Murray Bookchin, RIP
The left-anarchist writer Murray Bookchin, inventor of "libertarian municipalism" and "social ecology," has died of heart failure at age 85. For the most part, I wasn't a fan of his work, but he had his moments. I'm fond of his 1969 pamphlet Listen, Marxist!, distributed at SDS's final convention, whose cover took that familiar row of faces from so many Stalinoid tomes -- Marx, Engels, Lenin -- and added Bugs Bunny at the end. "Once again the dead are walking in our midst," Bookchin wrote, "ironically, draped in the name of Marx, the man who tried to bury the dead of the nineteenth century. So the revolution of our own day can do nothing better than parody, in turn, the October Revolution of 1917 and the civil war of 1918-1920, with its 'class line,' its Bolshevik Party, its 'proletarian dictatorship,' its puritanical morality, and even its slogan, 'soviet power.'"
His subsequent sniping at the Sandinistas, Bernie Sanders, and various Malthusians was also enjoyable, and he did some interesting historical work on insurrectionary movements. For a while his social vision was broad enough to include market libertarians: He spoke at a Libertarian Party convention and contributed to a newsletter edited by Karl Hess. In 1976 he told a Libertarian activist that "If I were a voting man, I'd vote for MacBride" -- LP nominee Roger MacBride, that is -- and when Jeff Riggenbach interviewed him for Reason in 1979, he said this:
People who resist authority, who defend the rights of the individual, who try in a period of increasing totalitarianism and centralization to reclaim these rights -- this is the true left in the United States. Whether they are anarcho-communists, anarcho-syndicalists, or libertarians who believe in free enterprise…I feel much closer, ideologically, to such individuals than I do to the totalitarian liberals and Marxist-Leninists of today.
Later, Bookchin would speak of free-marketeers less favorably.
Bookchin sometimes seemed like a funhouse-mirror version of the libertarian luminary Murray Rothbard.
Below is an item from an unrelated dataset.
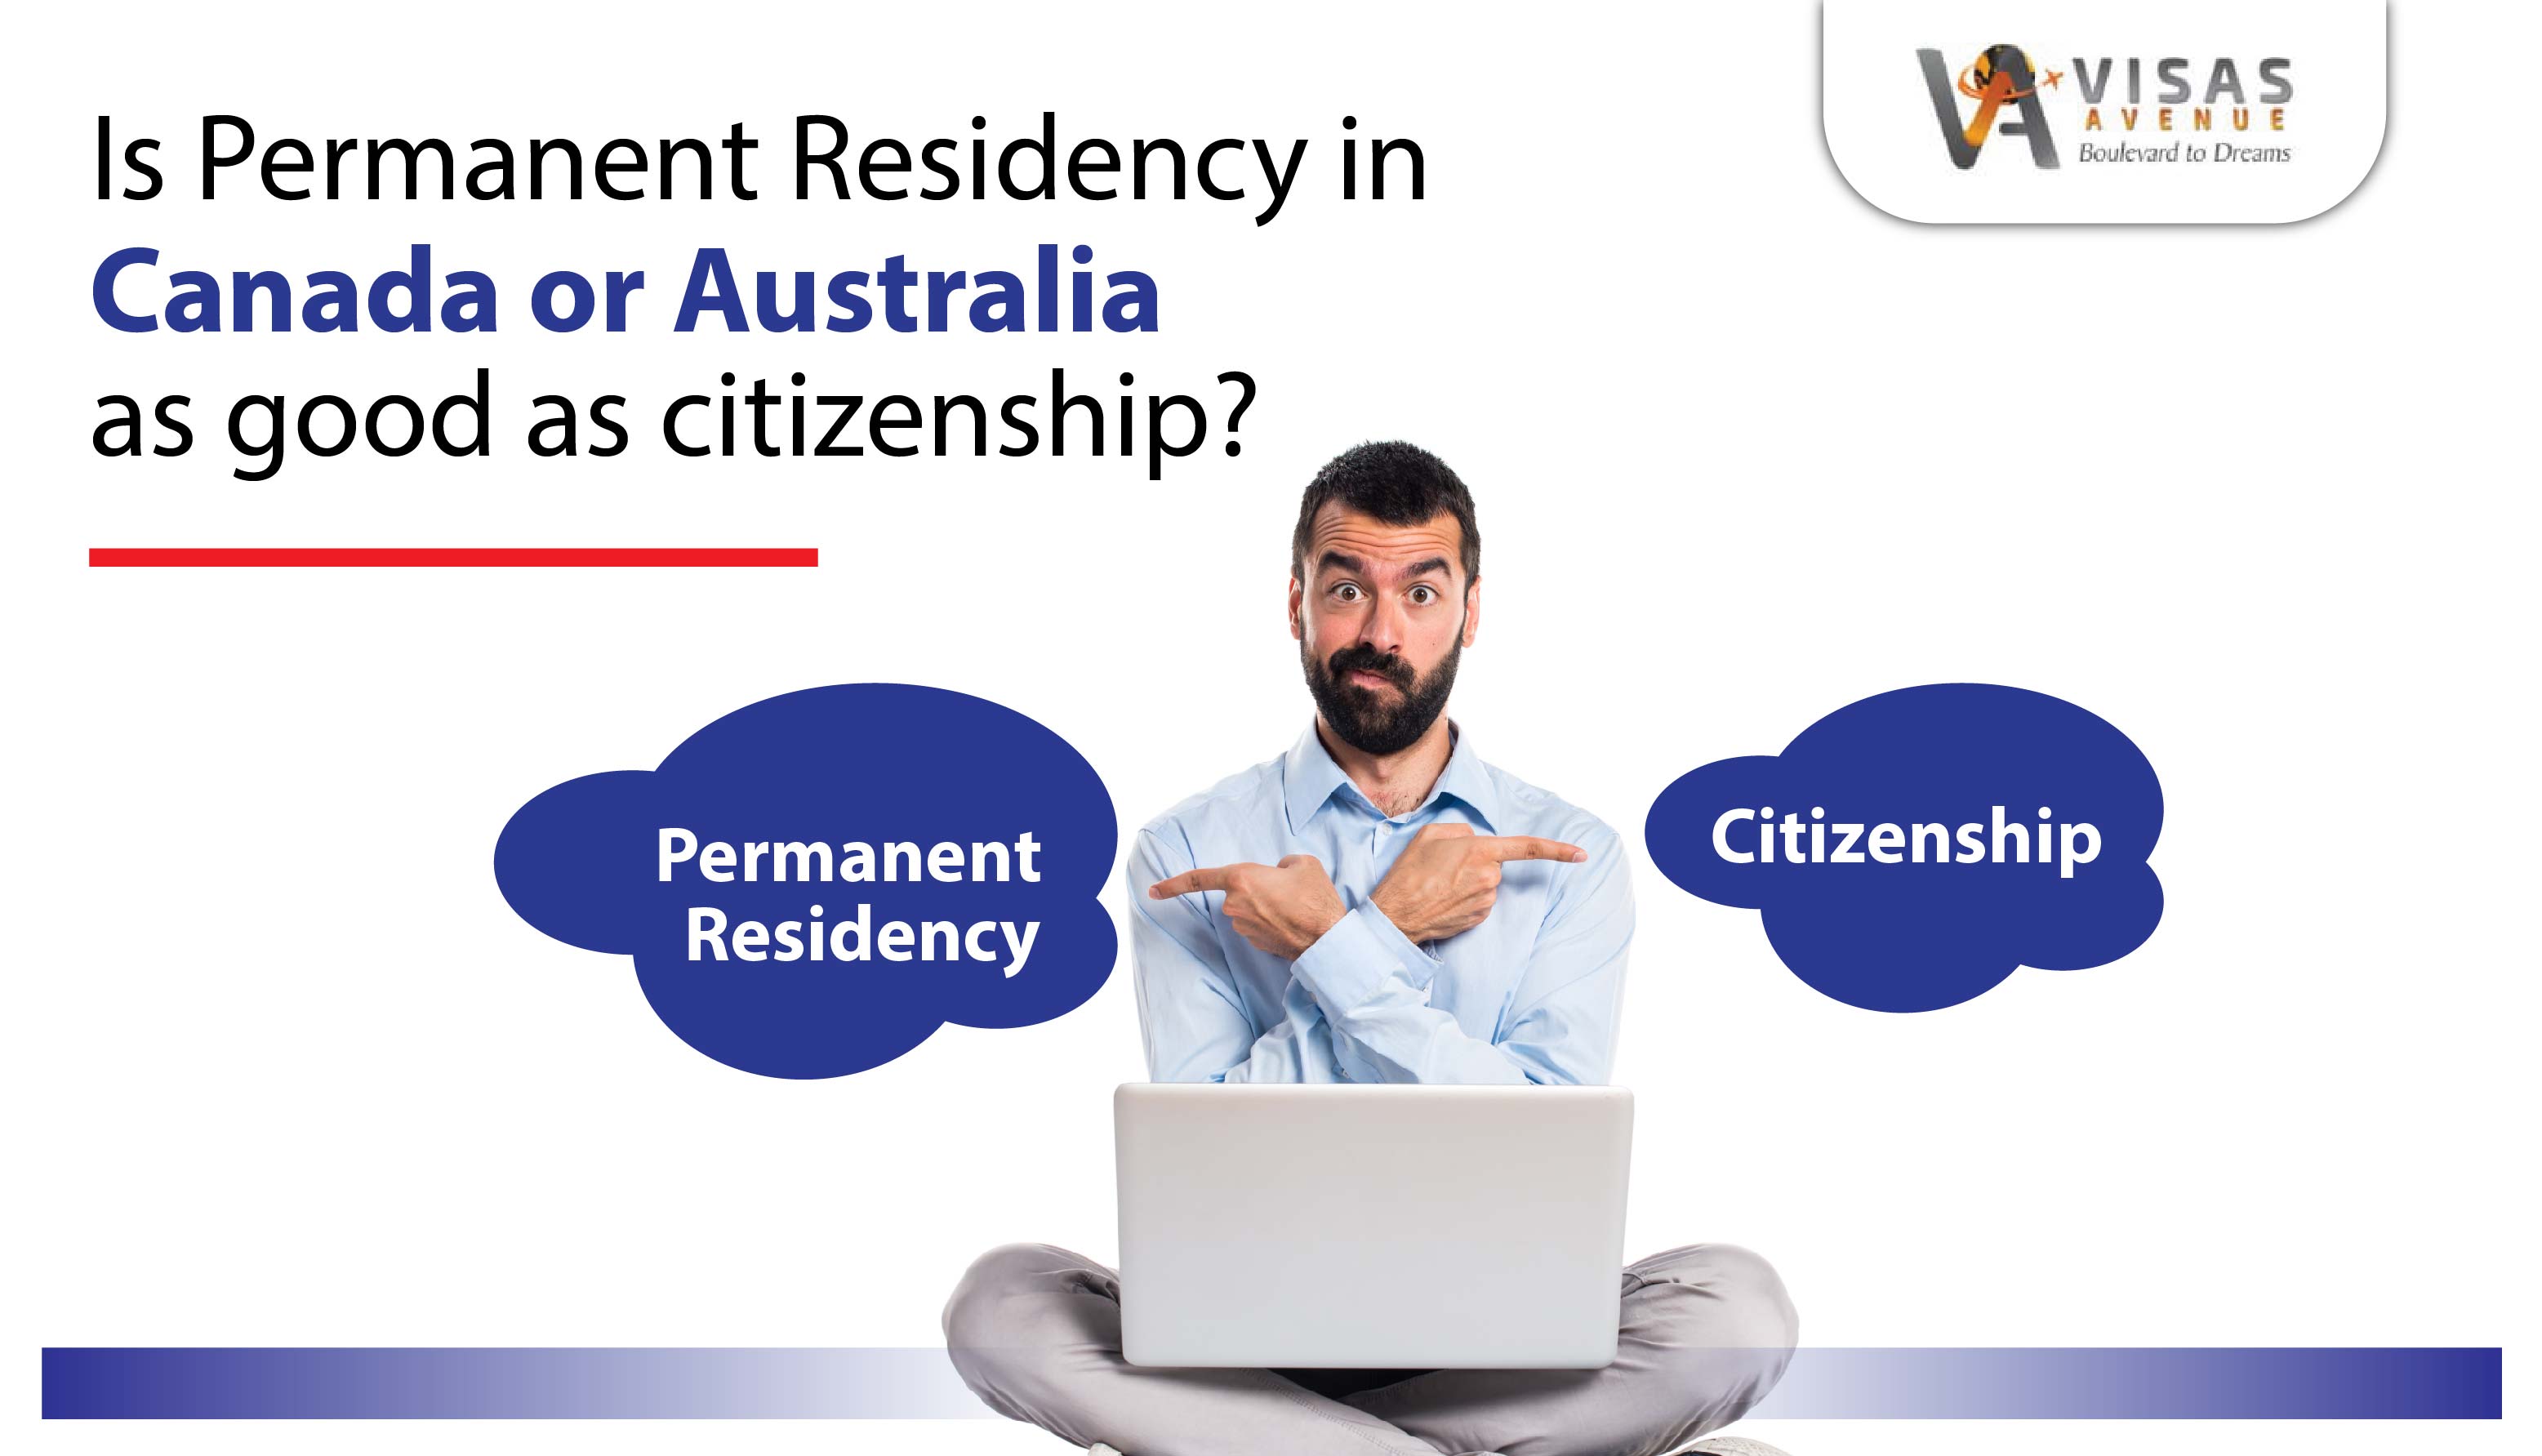 Is Permanent Residency in Canada or Australia as Good as Citizenship?

A quick rundown:
BOOKCHIN: Was named Murray.
ROTHBARD: Was named Murray.
BOOKCHIN: Enlivened the fractious 1969 convention of Students for a Democratic Society with an anarchist essay titled "Listen, Marxist!"
ROTHBARD: Enlivened the fractious 1969 convention of Young Americans for Freedom with an anarchist essay titled "Listen, YAF!"
BOOKCHIN: Late in life, turned his fire on the bohemian fringes of his movement, who he denounced as "lifestyle anarchists."
ROTHBARD: Late in life, turned his fire on the bohemian fringes of his movement, who he denounced as "luftmenschen."
BOOKCHIN: Pined for a more authentically proletarian "Left That Was."
ROTHBARD: Pined for a more authentically bourgeois "Old Right."
Needless to say, they despised each other. Indeed, Rothbard reportedly kicked Bookchin out of his living room at some point in the '60s, for reasons that seem to have been lost in the shifting sands of time. I suppose if there's anything worse than being annoyed by a leftist ideologue, it's being annoyed by a leftist ideologue who could be your twin.